Daily cost  = $0.269 × 24 hours = $6.46
Monthly cost = $0.269 × 24 × 30 = $193.68
Annual cost = $0.269 × 24 × 365 = $2,356.44

⚠️  SageMaker instances run continuously until stopped
⚠️  Remember to delete unused endpoints!

NVIDIA NIM Pricing

NVIDIA NIM uses token-based pricing similar to Bedrock. Pricing varies by model.
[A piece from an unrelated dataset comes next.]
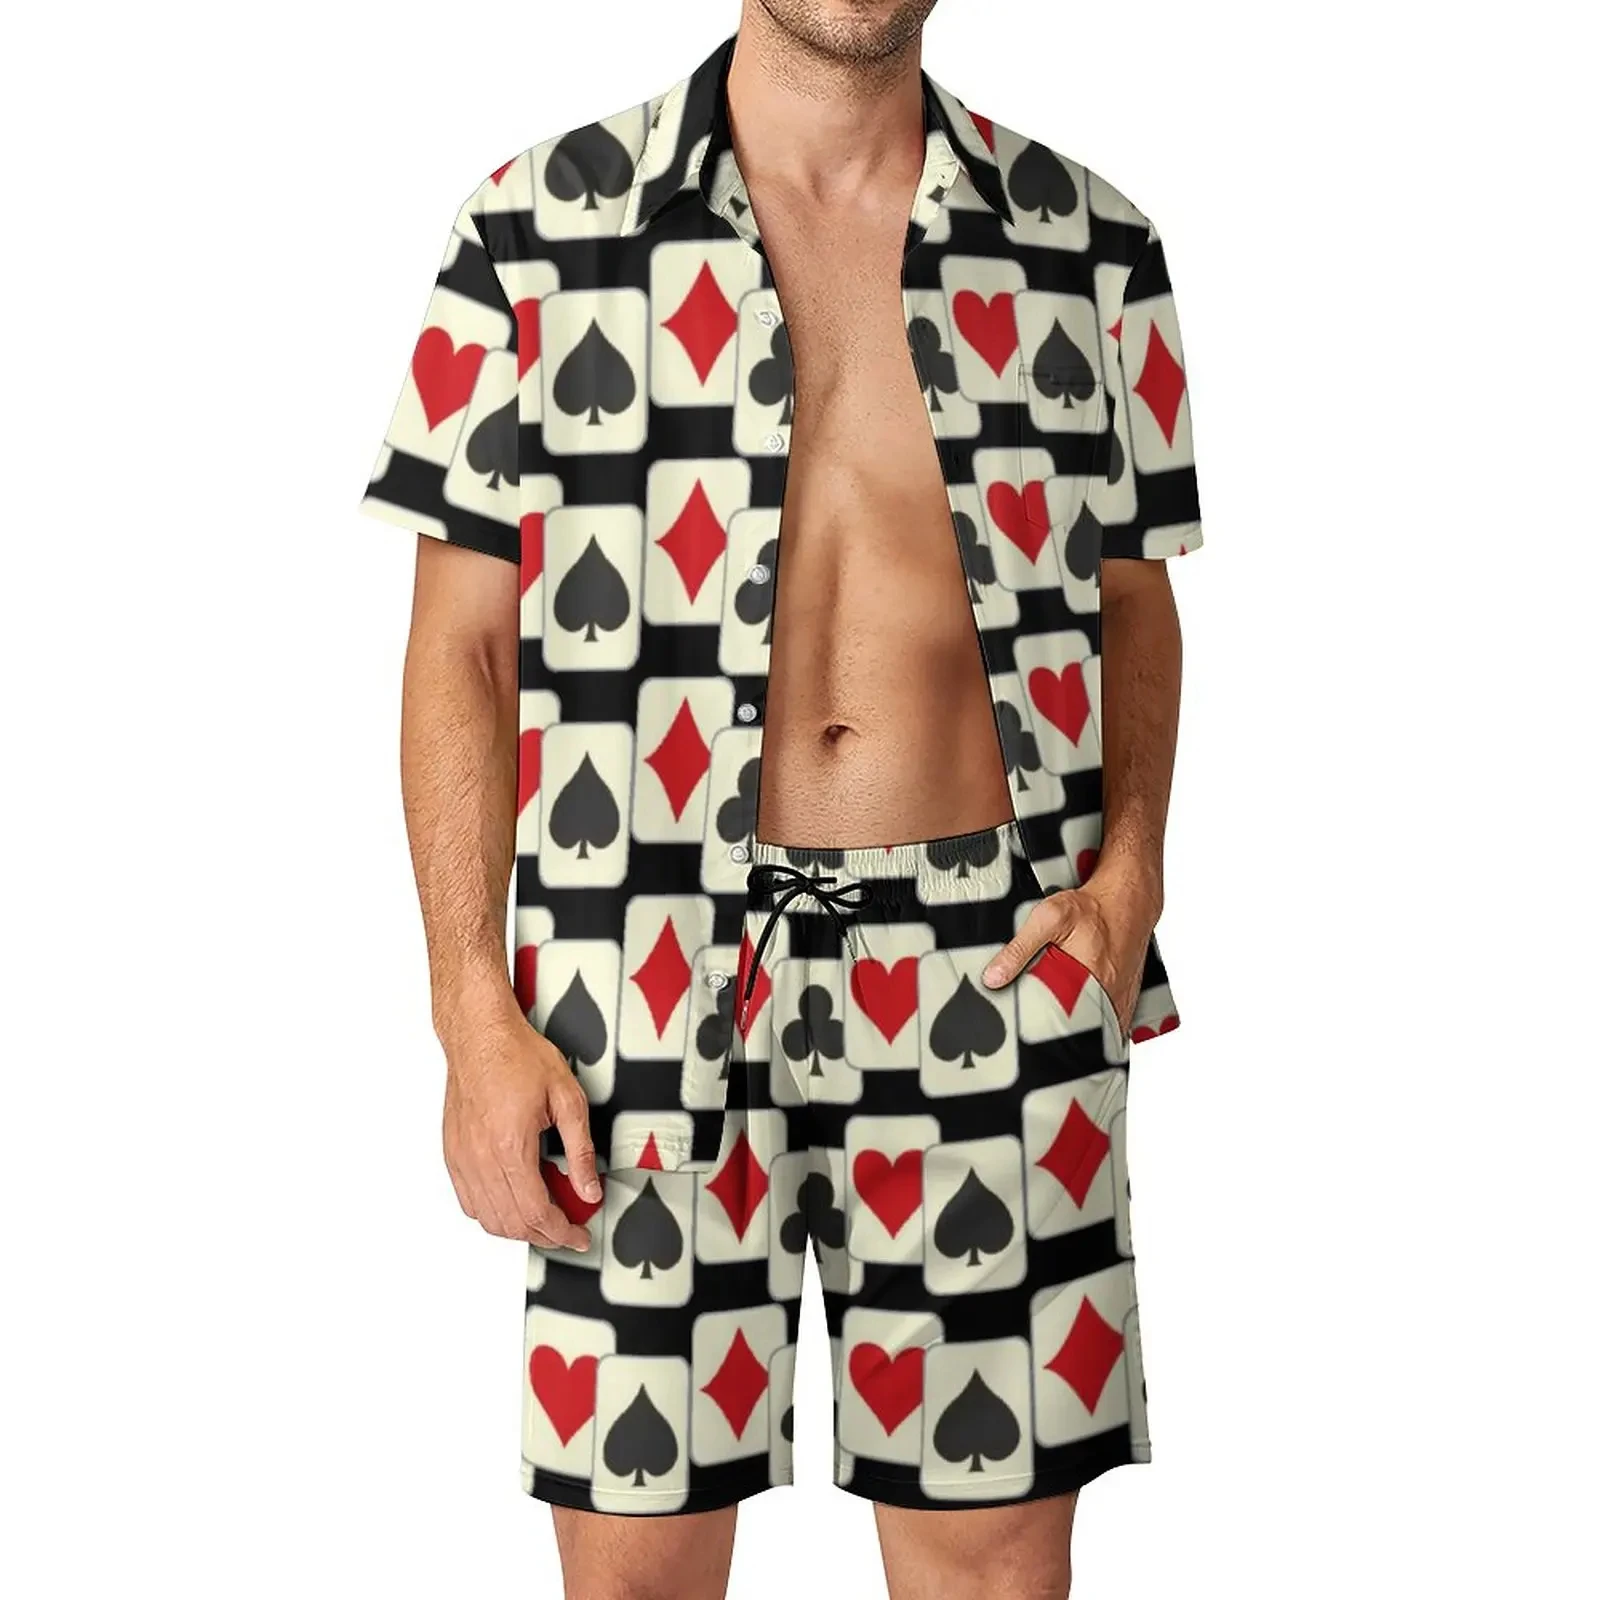 

Playing Poker Shirt Sets 3D Printed Men Casual Fashion Short Sleeves Shirts Oversized Beach Shorts Hawaiian Suits Summer Clothes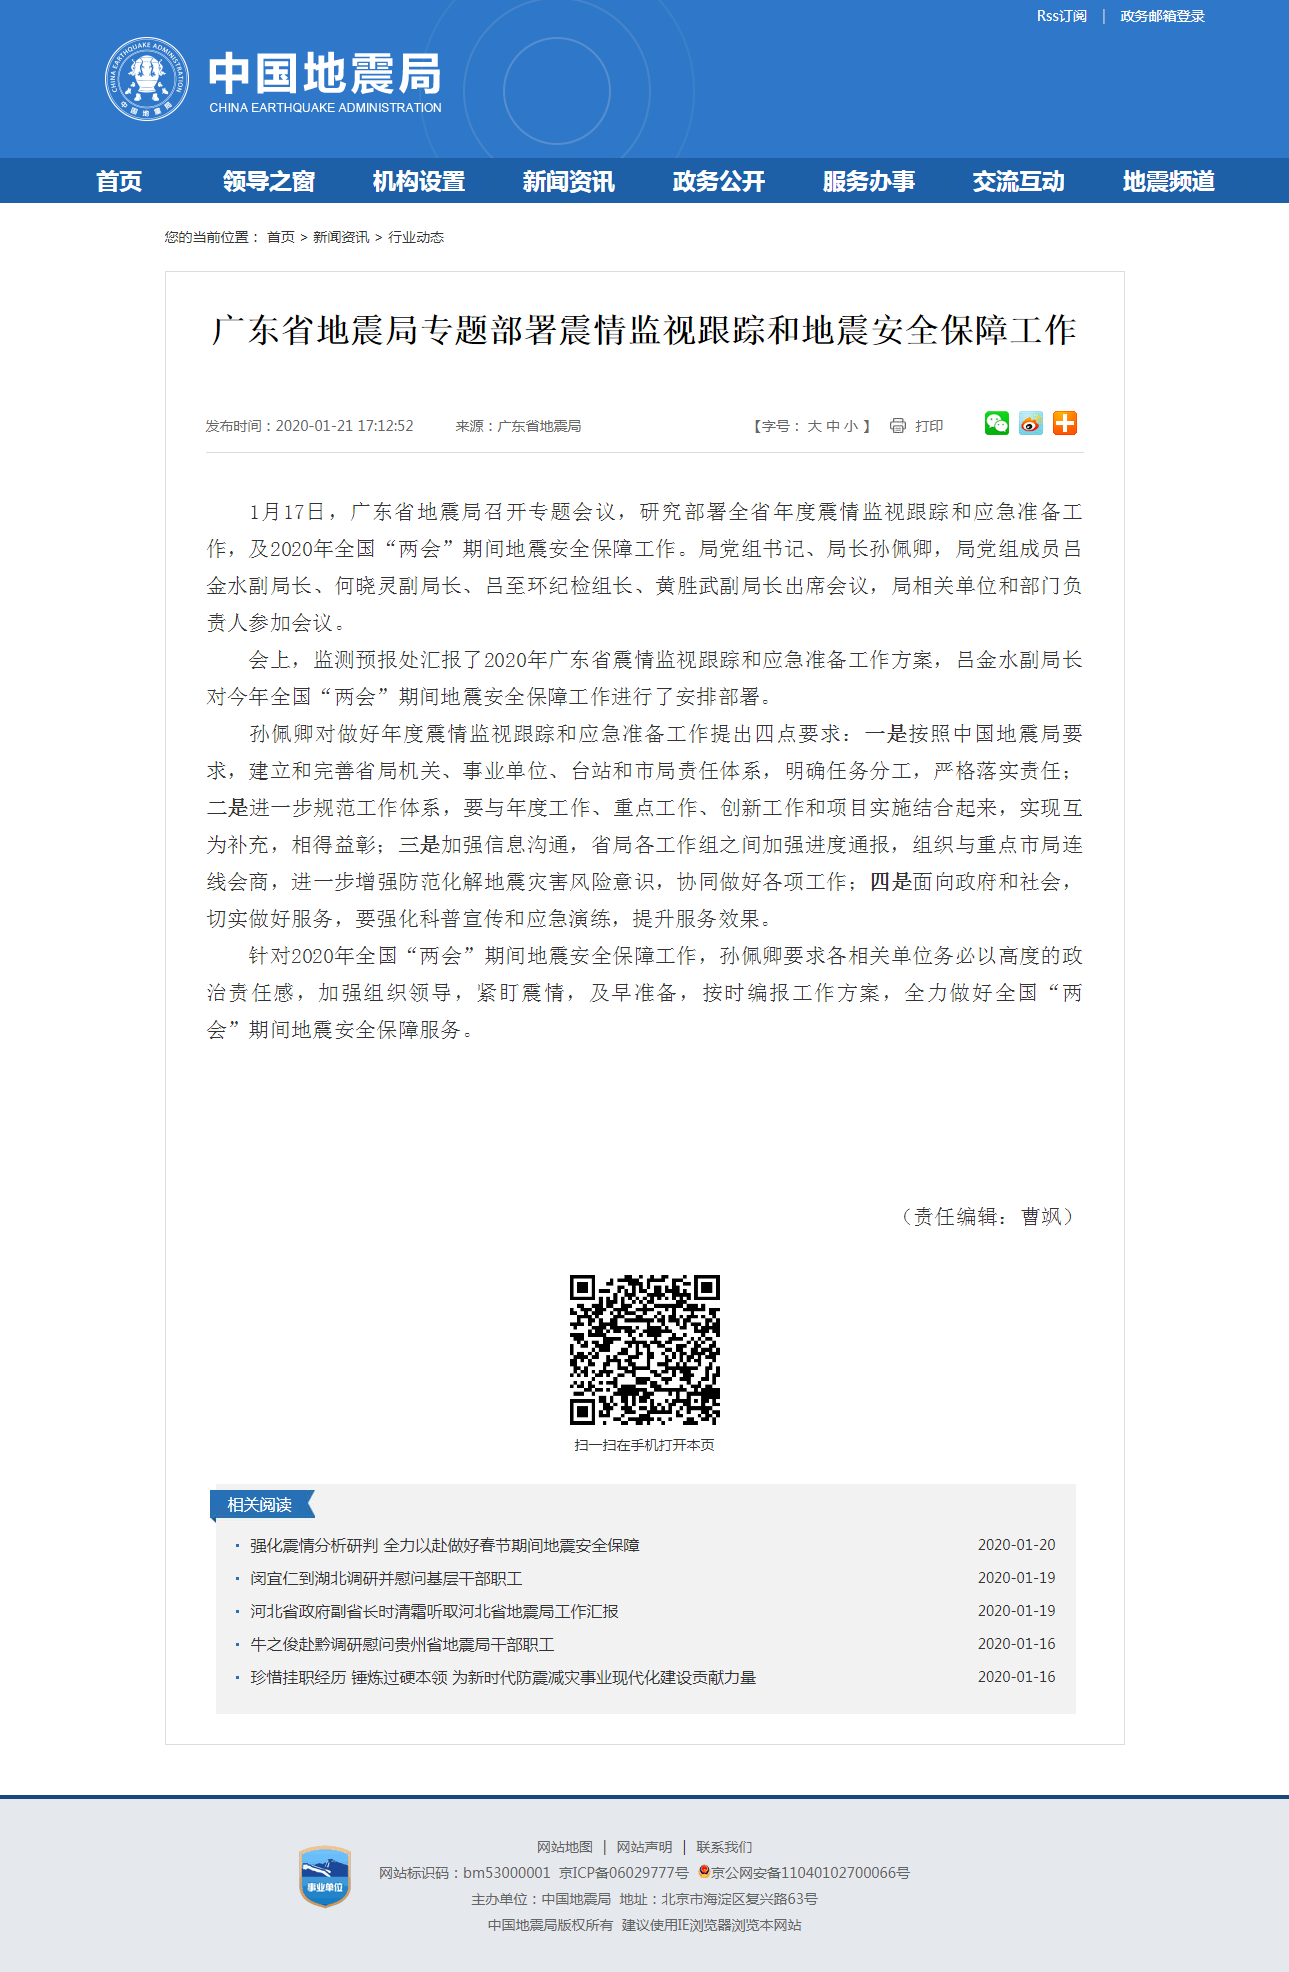 广东省地震局专题部署震情监视跟踪和地震安全保障工作.png

Check the NVIDIA NIM Catalog for current rates.

Real-Time Pricing API

Staque IO provides real-time pricing data through the Pricing API:

Get Instance Pricing

GET /api/pricing?instanceType=ml.m5.xlarge&service=sagemaker

Response:
{
  "success": true,
  "service": "sagemaker",
  "instanceType": "ml.m5.xlarge",
  "region": "eu-north-1",
  "pricing": {
    "hourly": 0.269,
    "monthly": 193.68,
    "annual": 2356.44
  }
}

Update Pricing Cache

POST /api/pricing/update
{ "force": true }

Response:
{
  "success": true,
  "message": "Pricing updated successfully",
  "hasChanges": true,
  "lastUpdated": "2024-01-10T12:00:00Z"
}

Usage Tracking

Track token usage and costs in real-time:

GET /api/usage/current?conversationId=conv-uuid

Response:
{
  "success": true,
  "mtd": {
    "cost_usd": 12.45,
    "tokens_in": 125000,
    "tokens_out": 187500,
    "tokens_total": 312500,
    "requests": 850
  },
  "last24h": {
    "cost_usd": 2.34,
    "tokens_in": 15000,
    "tokens_out": 22500,
    "tokens_total": 37500,
    "requests": 102
  }
}

Cost Optimization Strategies

1. Choose the Right Platform

  • Low/Variable Traffic: Use Bedrock (no idle cost)
  • High Constant Traffic: SageMaker may be more cost-effective
  • Specific Models: Check if available on NVIDIA NIM

2. Optimize Token Usage

  • Concise Prompts: Remove unnecessary context
  • System Prompts: Use efficient, focused system prompts
  • Truncation: Limit conversation history length
  • Caching: Cache responses for repeated queries

3. Right-Size Instances

  • Start with smaller instances and scale up if needed
  • Use CloudWatch metrics to monitor utilization
  • Consider auto-scaling for variable workloads
  • Delete unused endpoints immediately

4. Use Cheaper Models

  • Use smaller models for simple tasks
  • Route requests to appropriate model based on complexity
  • Test if cheaper models meet your quality requirements

Cost Monitoring

Set Up AWS Budgets

1. Go to AWS Budgets in AWS Console
2. Create a new budget
3. Set monthly budget threshold (e.g., $100)
4. Configure alerts:
   - 50% of budget
   - 80% of budget
   - 100% of budget
5. Add email/SNS notifications

CloudWatch Alarms

# Example: Alert on high Bedrock costs
aws cloudwatch put-metric-alarm \
  --alarm-name high-bedrock-costs \
  --alarm-description "Alert when daily Bedrock costs exceed $50" \
  --metric-name EstimatedCharges \
  --namespace AWS/Billing \
  --statistic Maximum \
  --period 86400 \
  --threshold 50 \
  --comparison-operator GreaterThanThreshold

Billing Best Practices

  • Daily Reviews: Check usage dashboards daily
  • Set Budgets: Configure AWS Budget alerts
  • Tag Resources: Use tags for cost allocation
  • Delete Unused: Remove idle SageMaker endpoints
  • Monitor Trends: Track cost trends over time
  • Optimize Regularly: Review and optimize monthly

Cost Comparison Calculator

Example Scenario: 10,000 requests/day

Bedrock (Nova Pro)
• Avg 200 input + 300 output tokens per request
• Cost: (200×0.0008 + 300×0.0032) / 1000 × 10,000
Daily: $11.20
Monthly: $336
SageMaker (ml.m5.xlarge)
• Hourly: $0.269
Daily: $6.46
Monthly: $194
💡 For this workload, SageMaker is more cost-effective!

💰 Cost Tip

The break-even point between token-based and instance-based pricing depends on your usage patterns. Use the Staque IO AI Recommendations feature to get personalized cost analysis!